- RECORDED INFORMATION
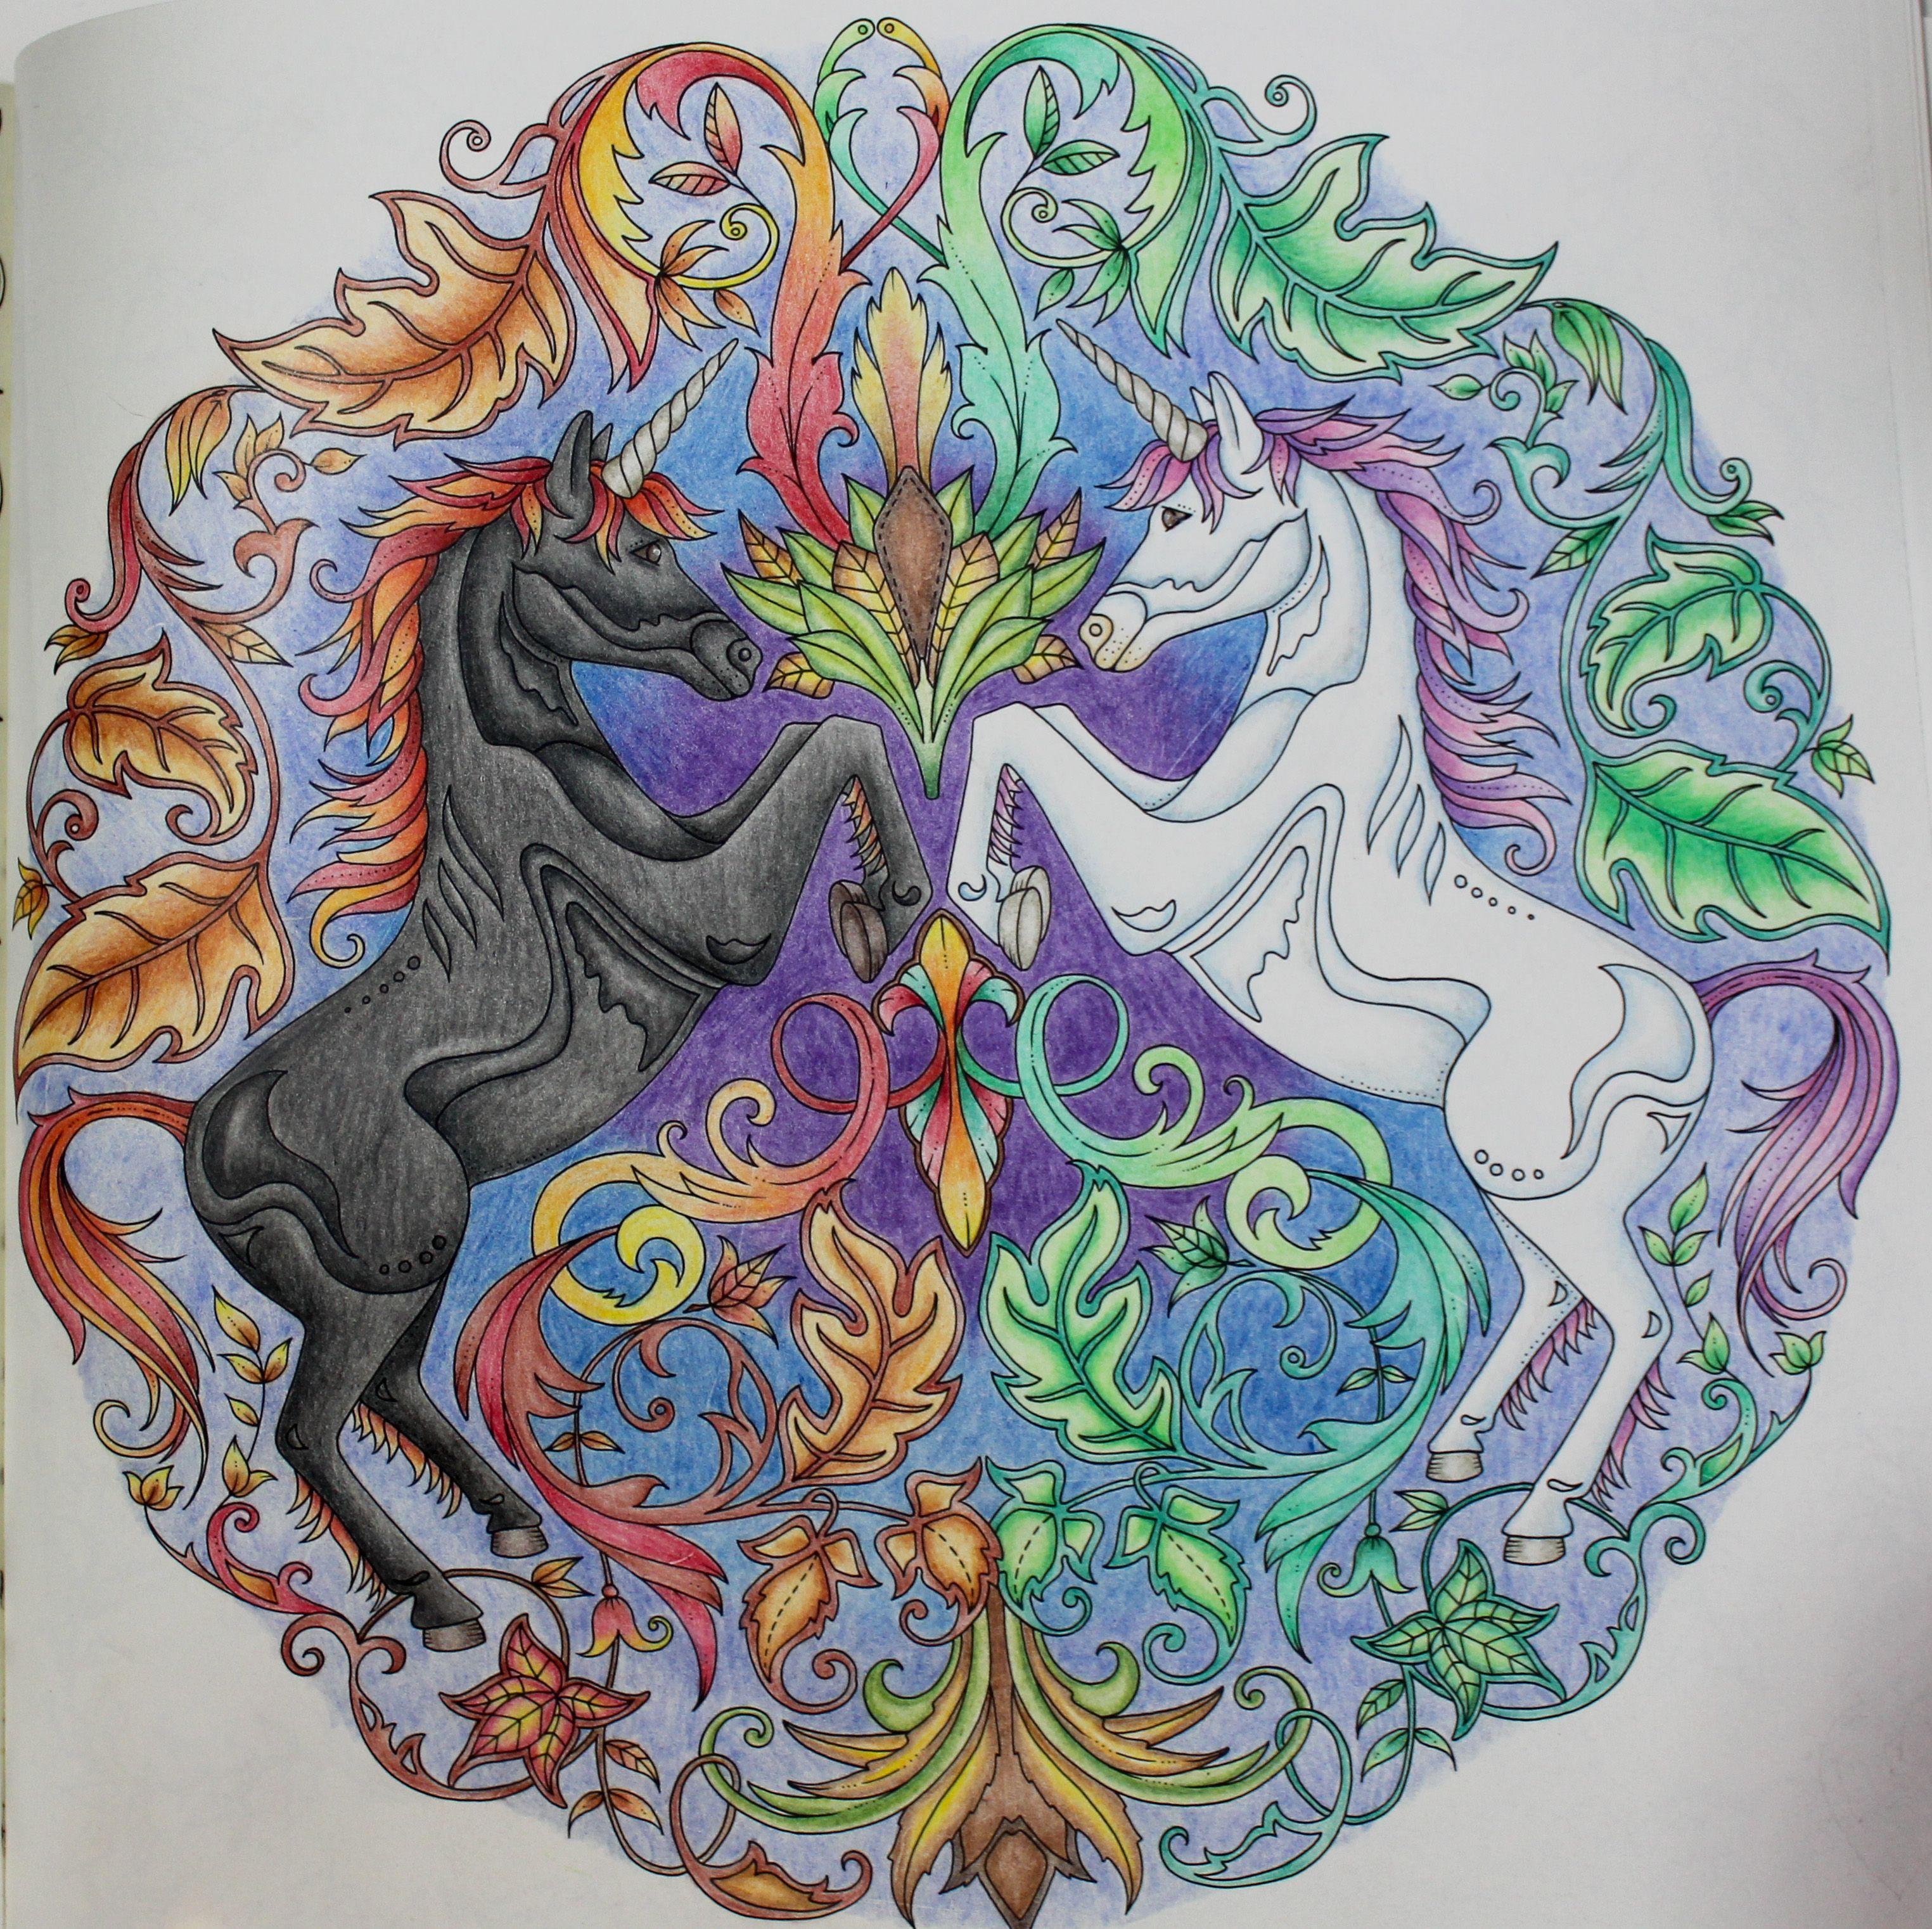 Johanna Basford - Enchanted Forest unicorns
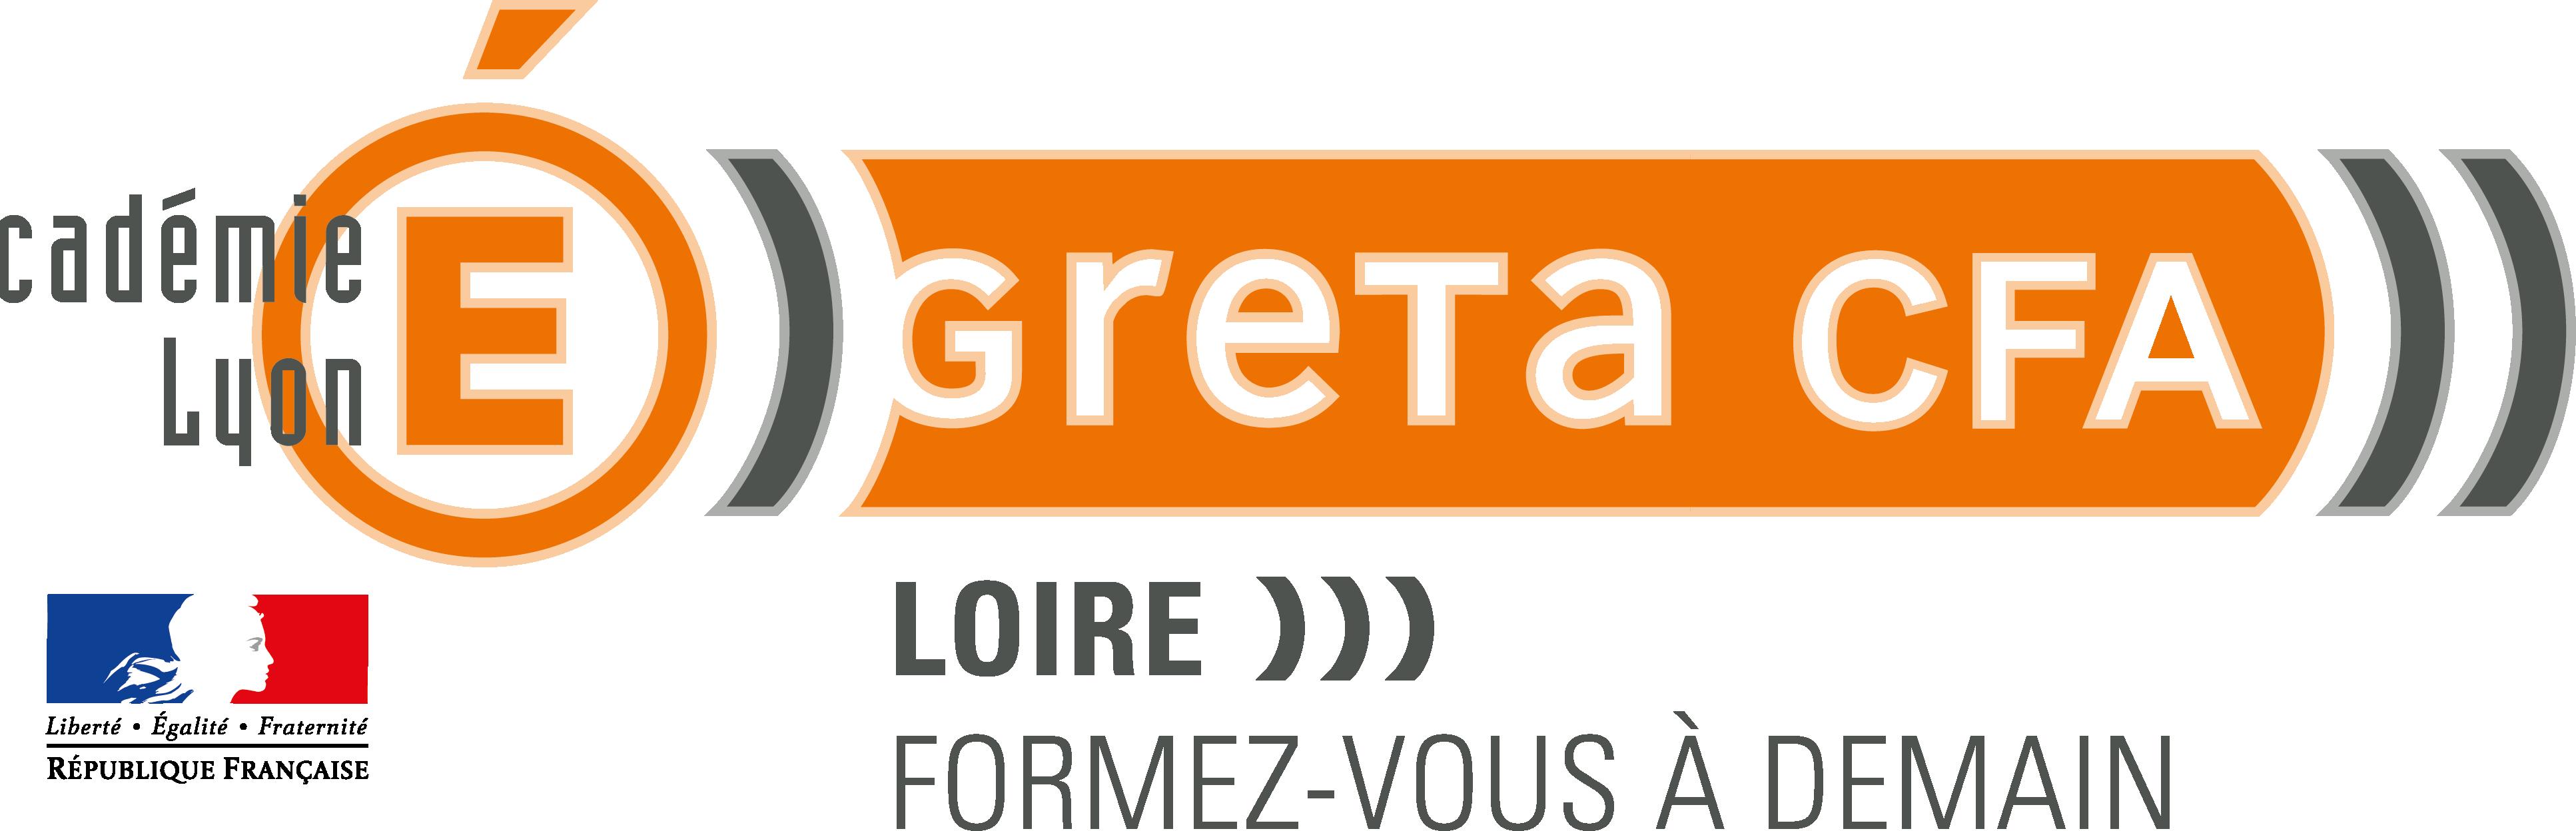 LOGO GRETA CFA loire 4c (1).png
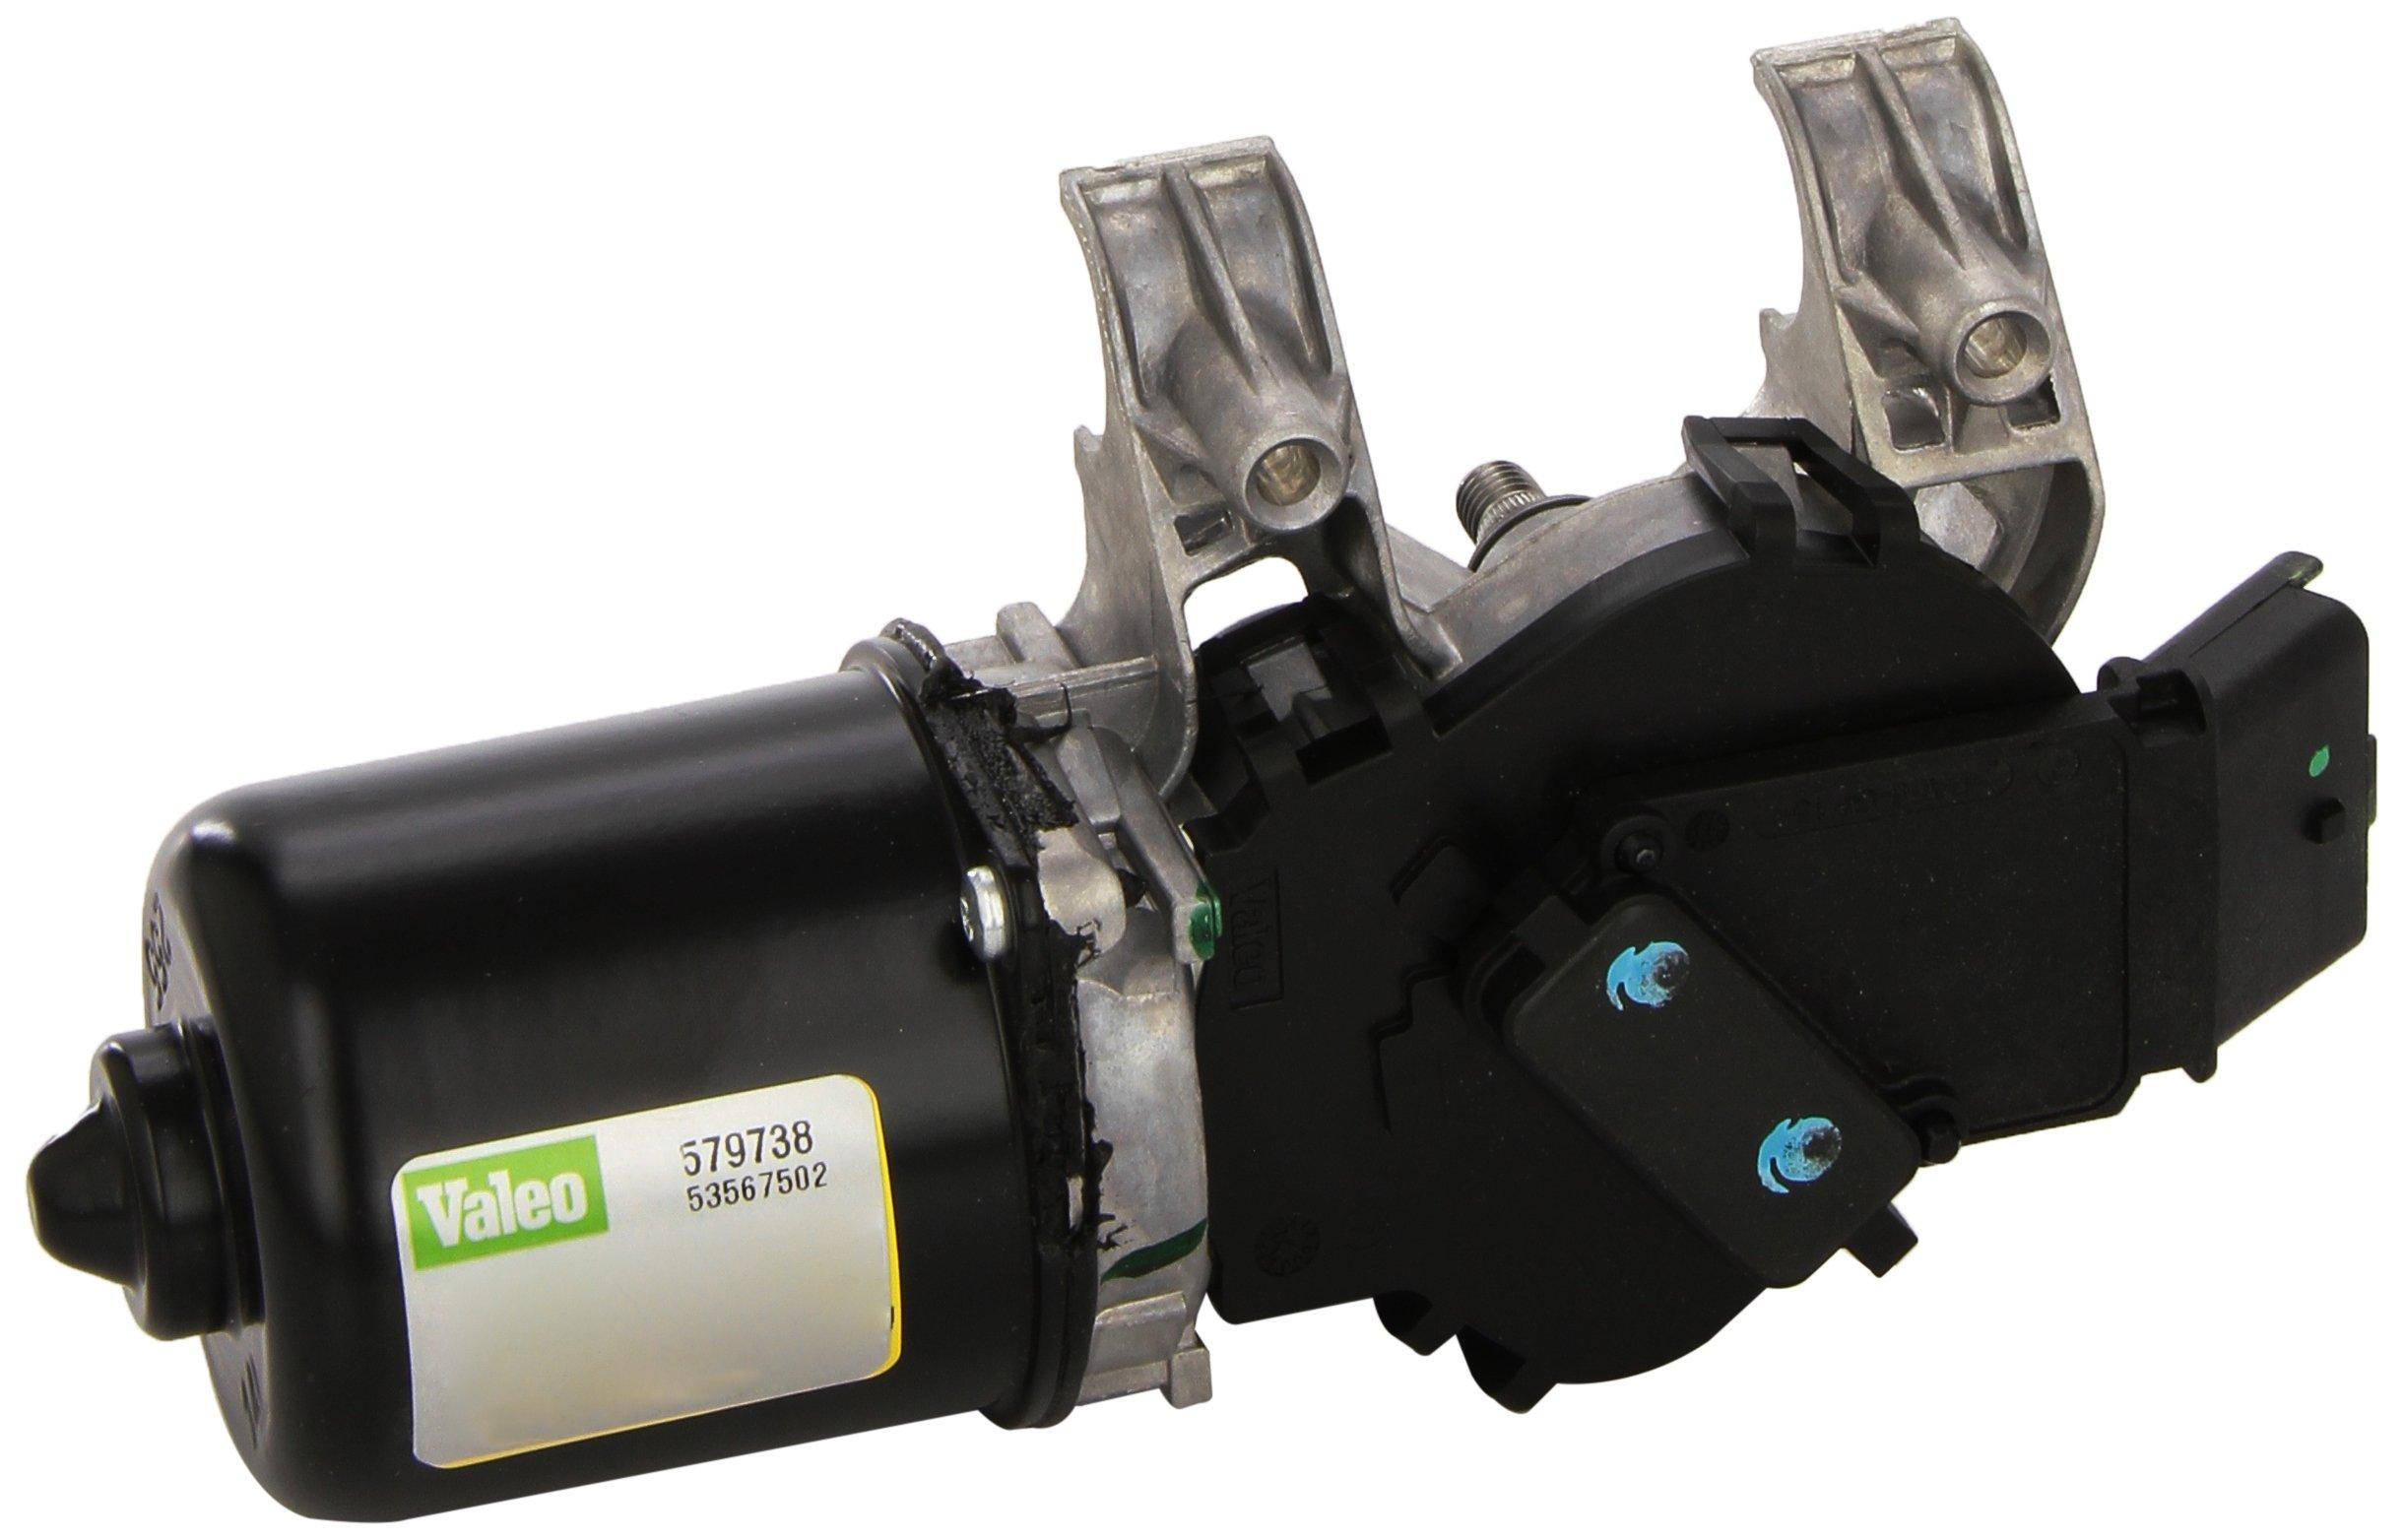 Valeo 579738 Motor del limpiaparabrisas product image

- YOUR GOAL
Only the pictures are to be dropped; return everything else in the listing exactly.

- YOUR RESPONSE
 Johanna Basford - Enchanted Forest unicorns
 LOGO GRETA CFA loire 4c (1).png
 Valeo 579738 Motor del limpiaparabrisas product image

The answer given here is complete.